The problem: Down to the last line, set down the material below exactly; skip the pictures.

Dataset section:
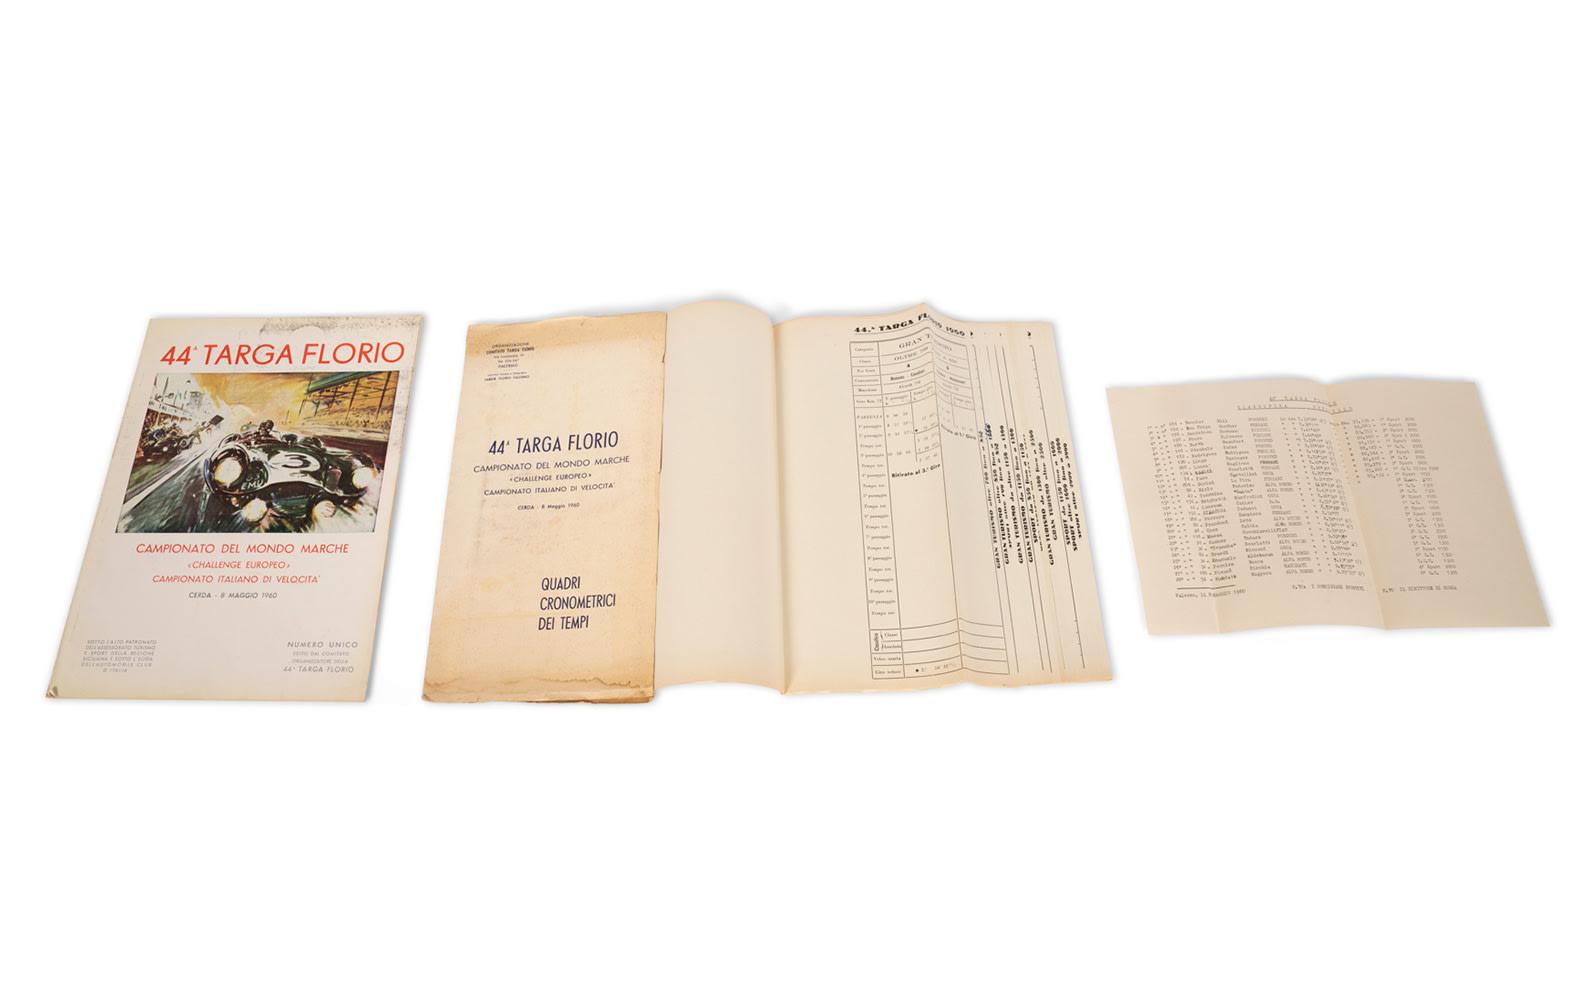 1960 Targa Florio Official Race Program and Timing Chart
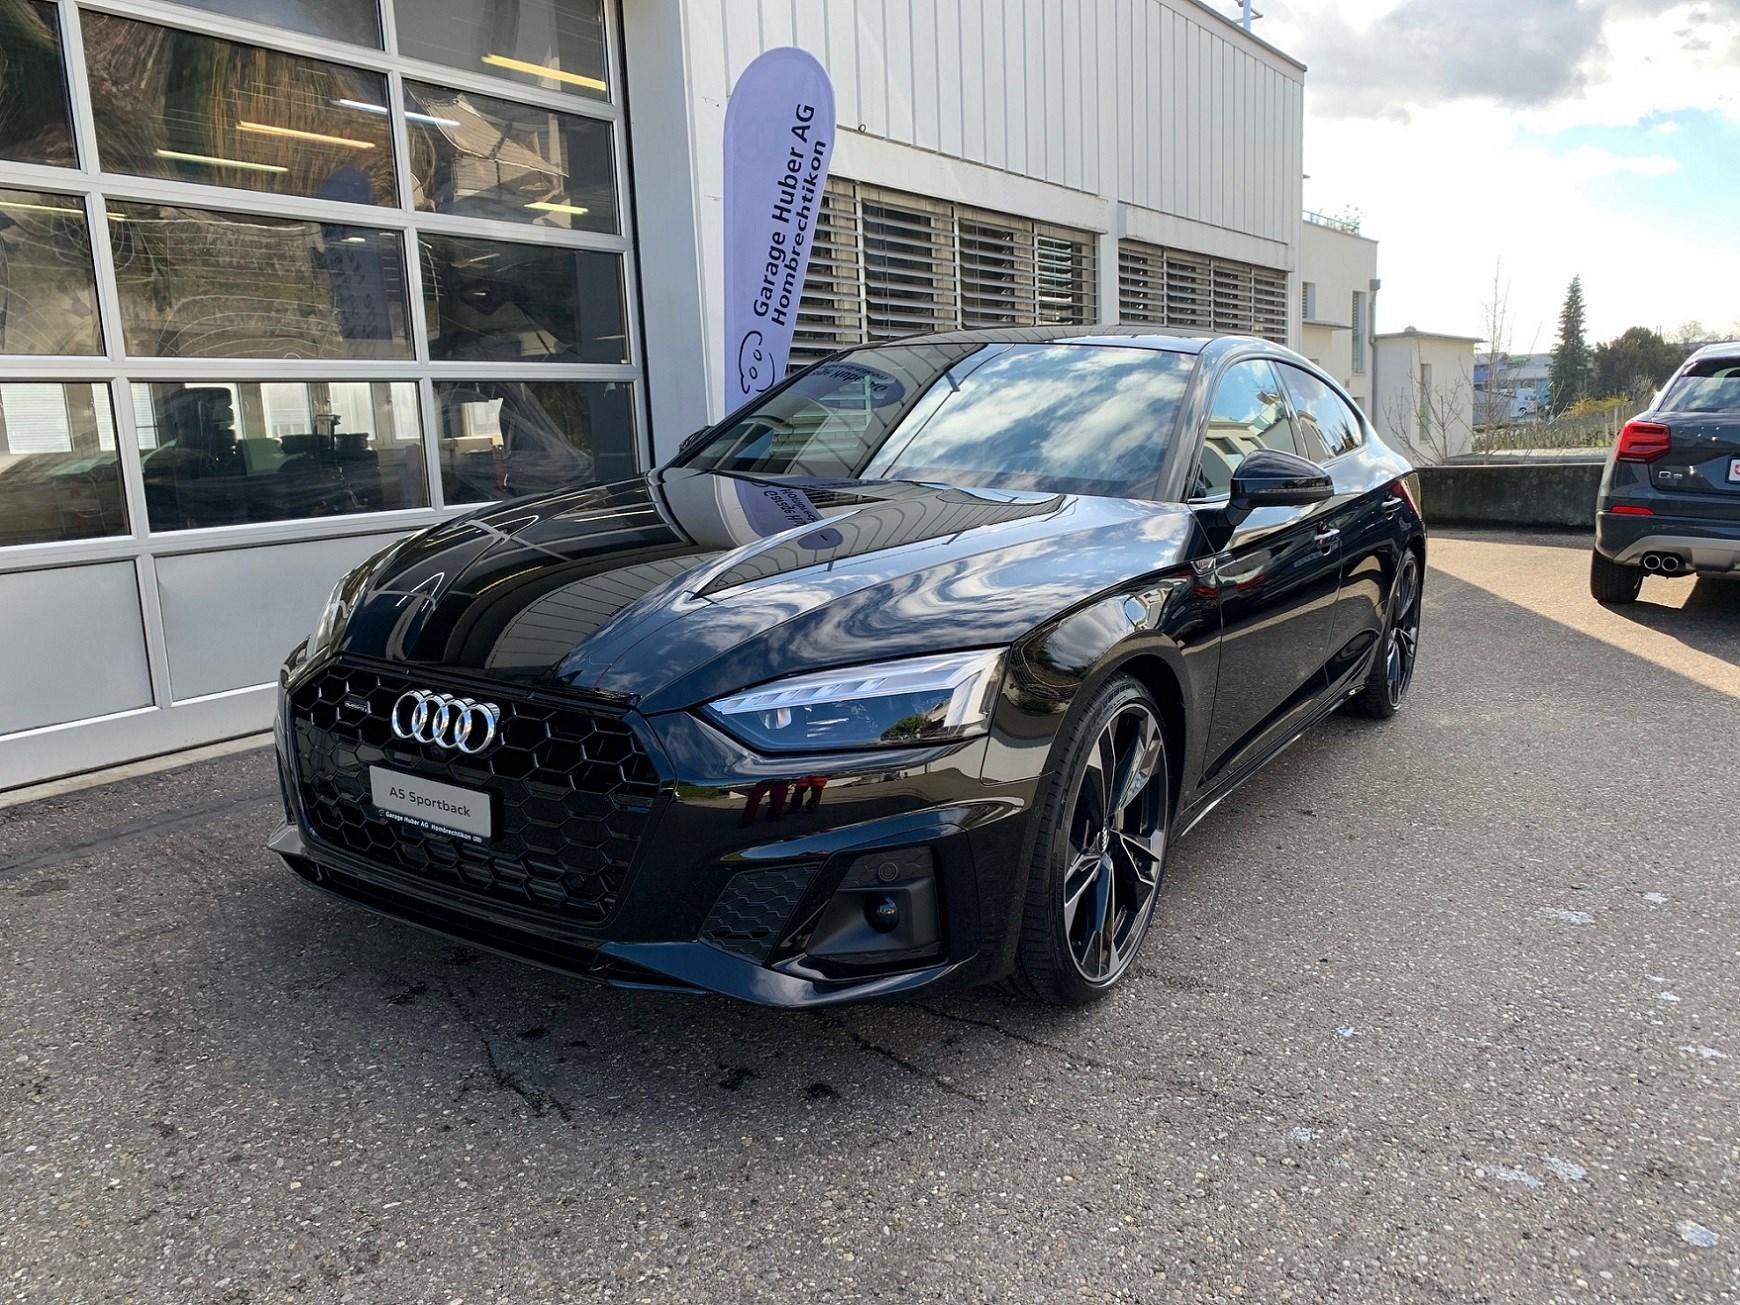 Buy New Car Sedan Audi A5 Sportback 45 Tfsi S Tronic Quattro 11 Km At 79800 Chf On Carforyou Ch
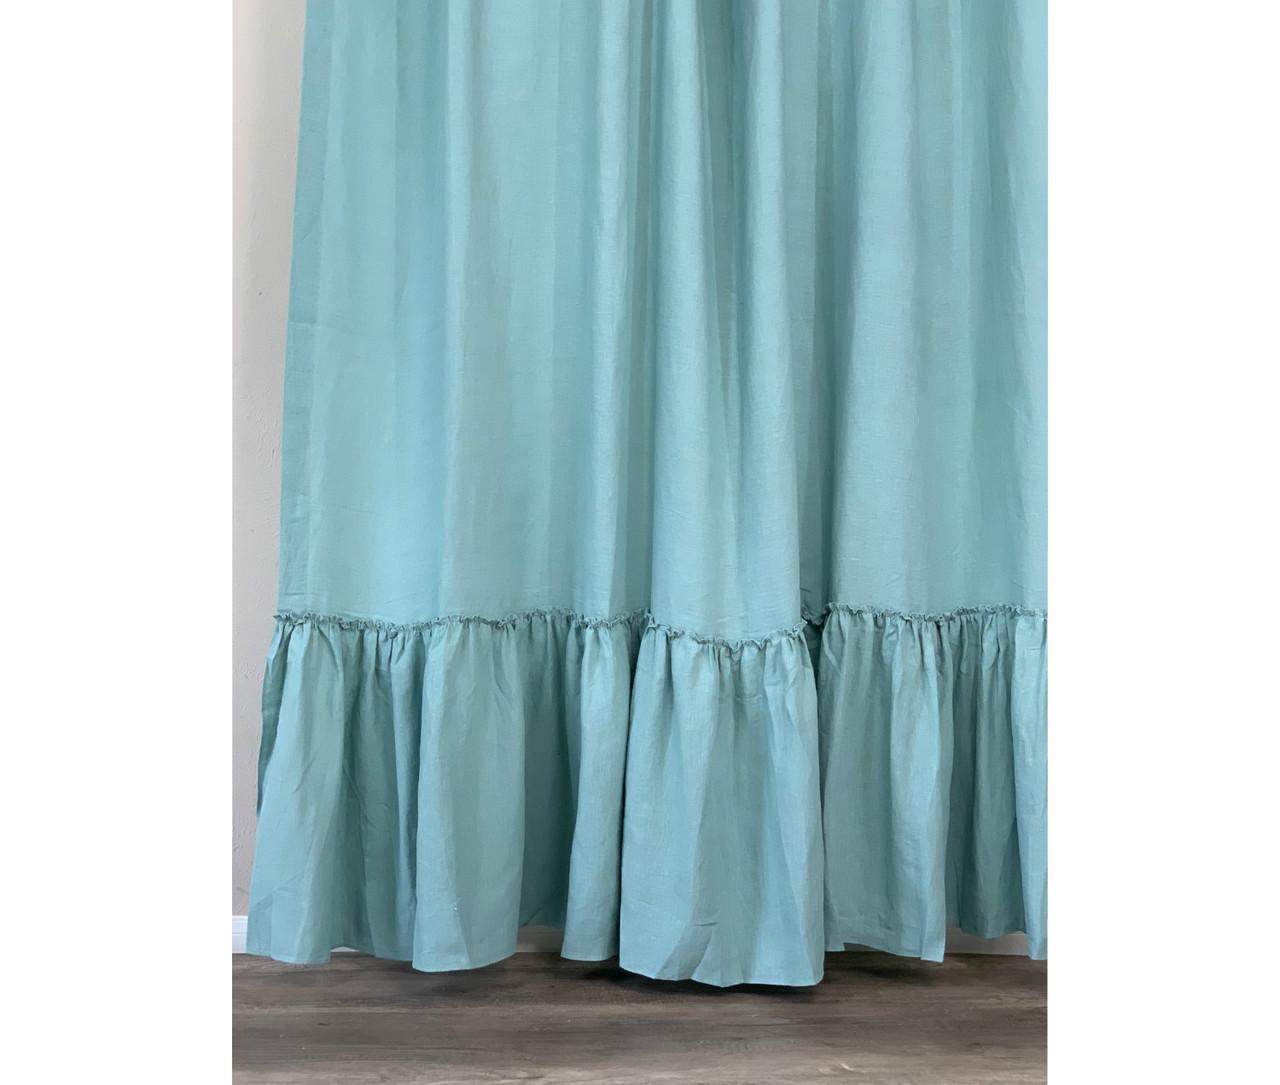 moss green linen shower curtain with country mermaid long ruffles
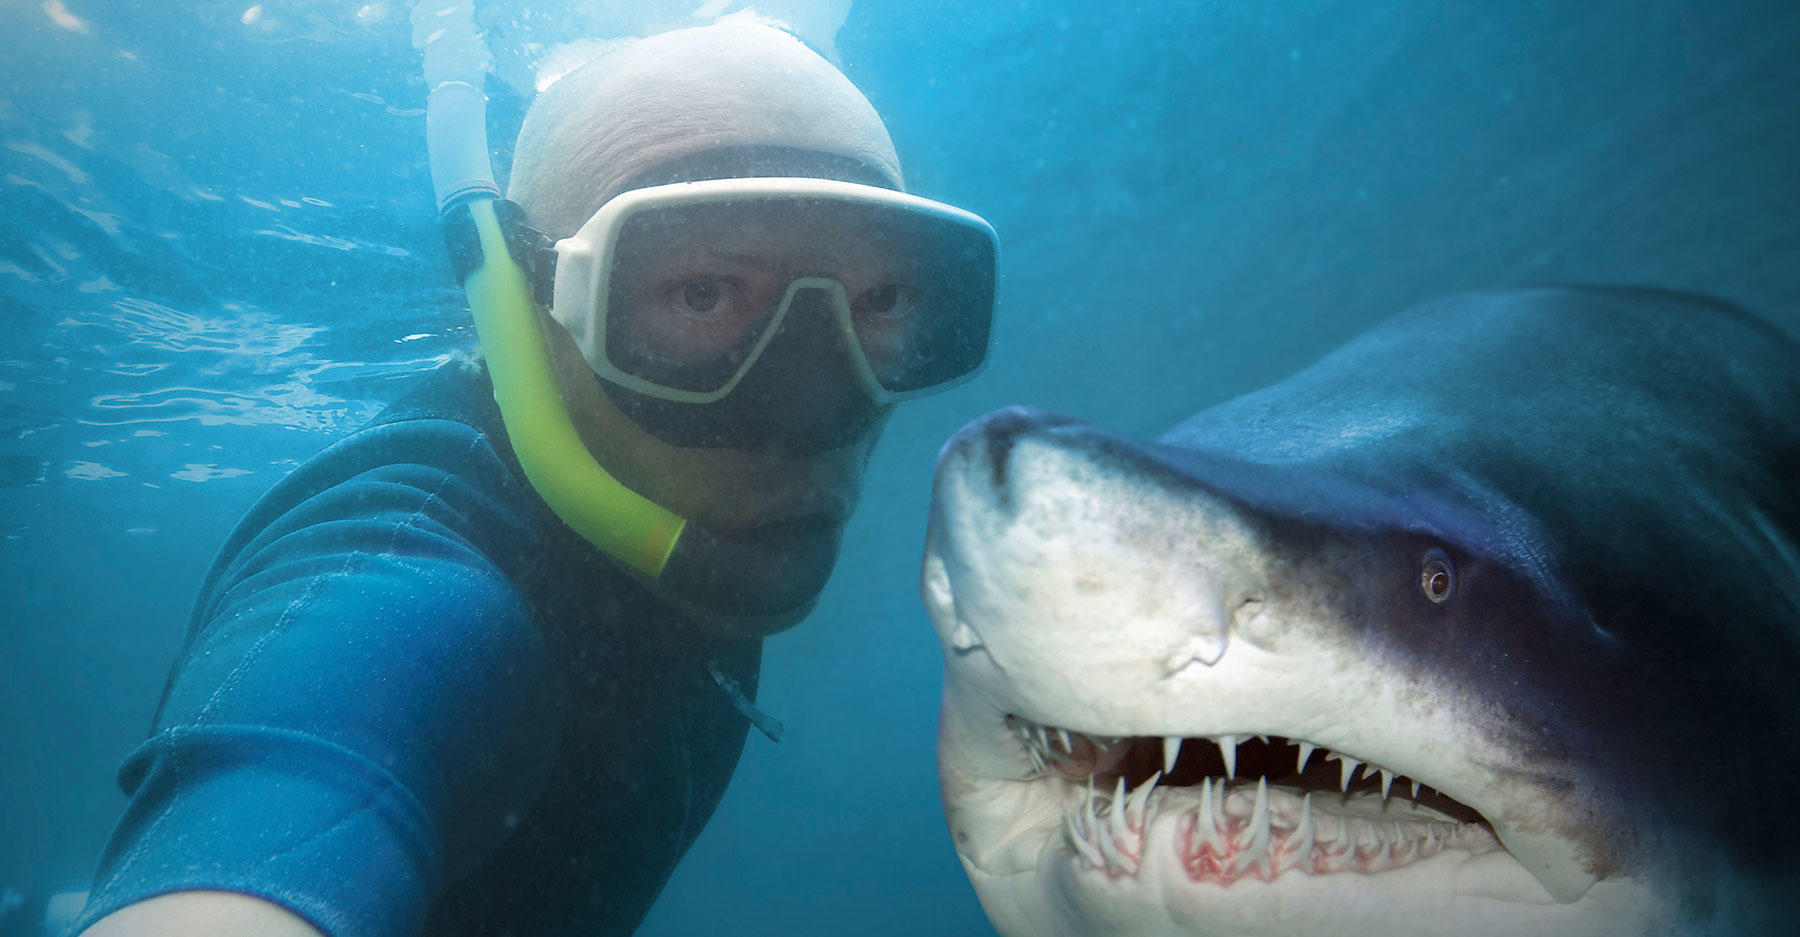 Shark diver takes selfie

Solution for this task:
 1960 Targa Florio Official Race Program and Timing Chart
 Buy New Car Sedan Audi A5 Sportback 45 Tfsi S Tronic Quattro 11 Km At 79800 Chf On Carforyou Ch
 moss green linen shower curtain with country mermaid long ruffles
 Shark diver takes selfie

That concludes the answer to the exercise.